A professora Ivana Martins, de 40 anos, sente saudades da casa na beira da praia, em Recife, cidade onde foi morar quando o marido foi transferido a trabalho. Lá, viveu ao lado dele e dos dois filhos durante os últimos quatro anos. Mas a vida na cidade de que gostava acabou neste ano, quando o marido, supervisor elétrico na área naval da Camargo Corrêa, uma das empreiteiras investigadas na Operação Lava-Jato, foi dispensado em meio a uma demissão em massa. Apesar de sentir os efeitos da crise e da corrupção em sua vida, a professora não vai às manifestações que foram convocadas para hoje e que têm como alvo a presidente Dilma Rousseff. Para Ivana, é hipocrisia atribuir a culpa pelos “fracassos do país, desmandos e desvios” a um governante eleito de modo legítimo. Para ela, os protestos deste domingo sugerem um golpe, ao pedirem a saída da presidente. Eles também destilam ódio e dão vazão a críticas indevidas a projetos sociais de grande relevância para o país.

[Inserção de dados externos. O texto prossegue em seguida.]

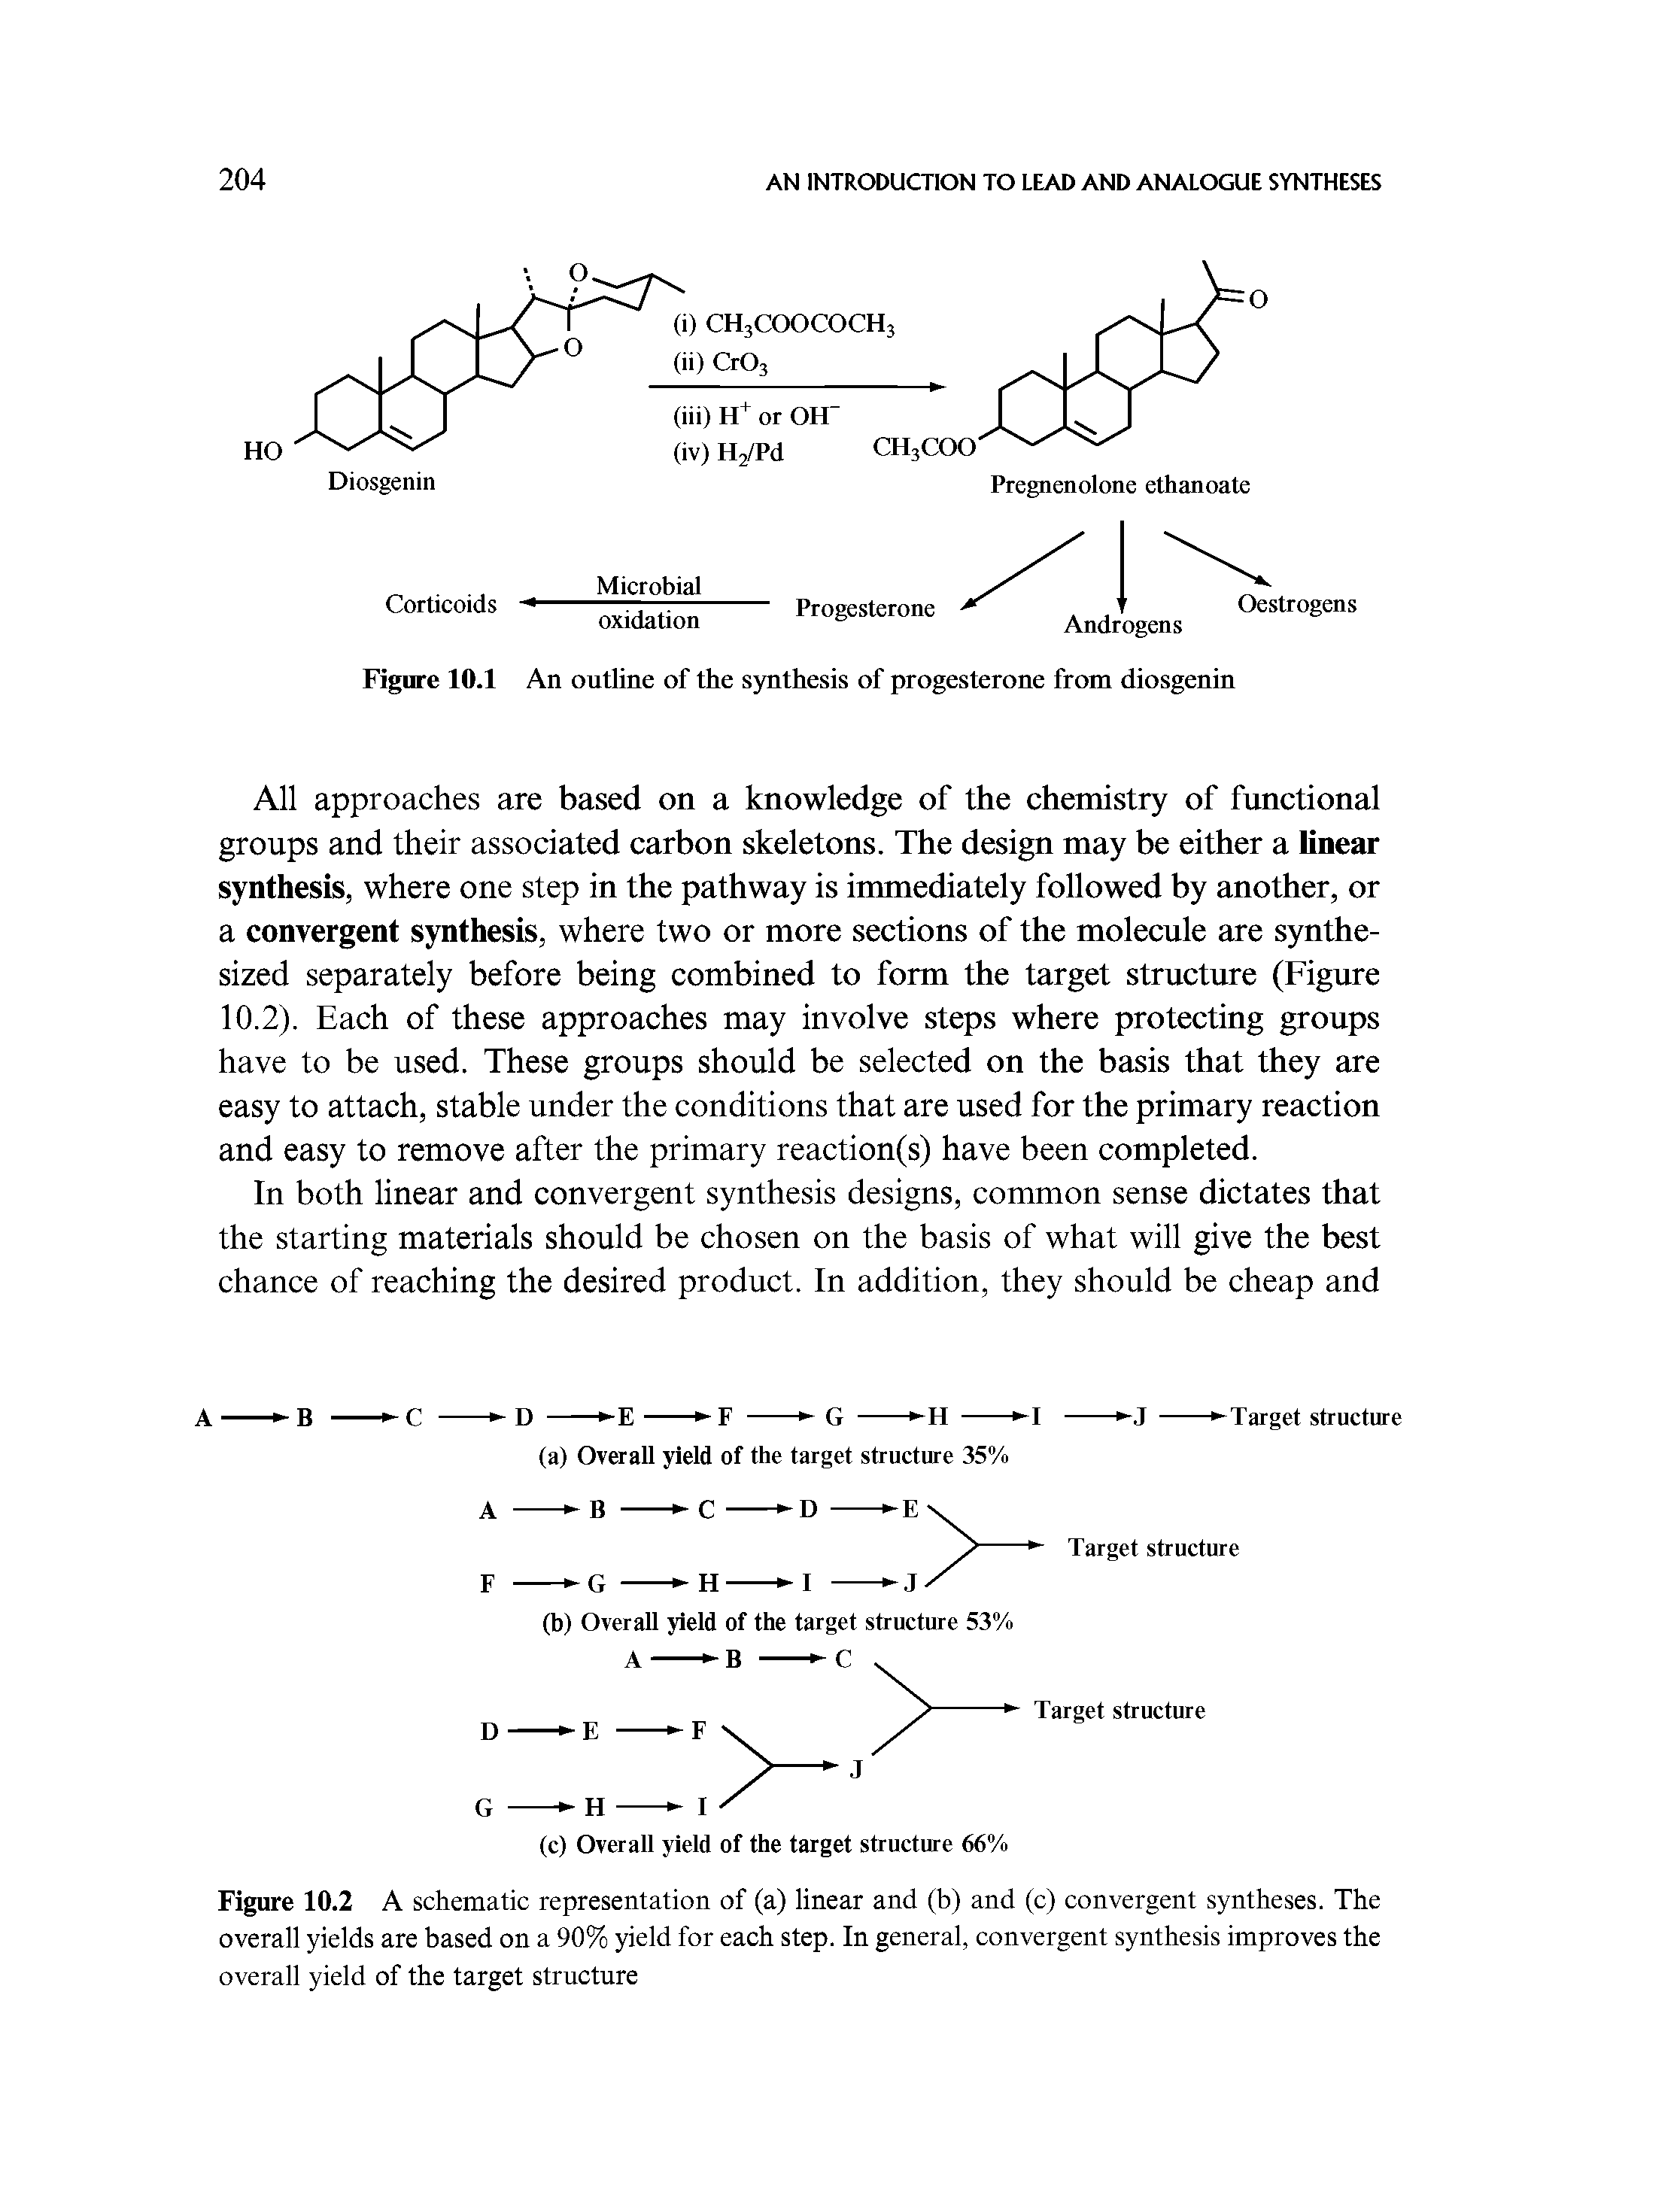 Figure 10.1 An outline of the synthesis of progesterone from diosgenin...

A professora de português, formada pela Universidade Estadual do Rio de Janeiro (Uerj) teve que voltar com a família para São Gonçalo, região metropolitana do Rio, há poucos meses. Quando os problemas econômicos do Brasil são o assunto, Ivana prefere ressaltar que a “crise financeira mundial não começou agora”. Reconhece que os preços dos produtos pesam cada vez mais no bolso. Diz que as viagens já não acontecem com a mesma frequência e que os jantares em restaurantes diminuíram. Seu marido, no entanto, conseguiu outro emprego na área industrial, e a família segue adiante.
— Acho que nós viveríamos essa mesma crise com o Aécio Neves (PSDB). Acredito que ela vai ser superada. Eu não vejo isso como algo que vai nos levar à ruína. É um pânico para justificar o que se quer fazer.
Nas eleições de 2014, Ivana justificou o voto por estar em Recife, mas fez campanha, ligando para amigos e família, a favor de Dilma. Servidora da rede estadual de ensino do Rio de Janeiro, ela se prepara para voltar a dar aulas na comunidade vizinha, onde conheceu de perto a realidade do tráfico de drogas. Apesar da pobreza e da violência do bairro em que leciona, Ivana acredita que o governo de Dilma tem sido capaz de preservar programas como o Bolsa Família e o ProUni, o que lhe dá mais esperança de preparar os estudantes.
De origem pobre, a professora foi a primeira a ter diploma na família. No ensino médio, tinha dificuldades para pagar a passagem do ônibus. Quando disse aos parentes que faria vestibular, foi aconselhada por alguns a tentar um curso de manicure, por se encaixar mais a sua realidade. Hoje, com casa própria e uma vida estabilizada, considera-se prova das melhorias dos mandatos do PT, principalmente os do ex-presidente Luiz Inácio Lula da Silva. O marido, conta ela, iniciou na área naval no governo do petista. O orgulho de ver vários alunos de escolas públicas hoje médicos e engenheiros só foi possível após a era Lula, destaca Ivana.
Ao falar de corrupção, diz ter consciência de que as pessoas estão pagando a conta, mas confia no que está sendo feito, até se for para tirar o governo do poder, caso seja provado algum crime. Ivana acha, porém, que os governos anteriores deveriam ser investigados com o mesmo rigor. Ela vê uma “caça às bruxas”.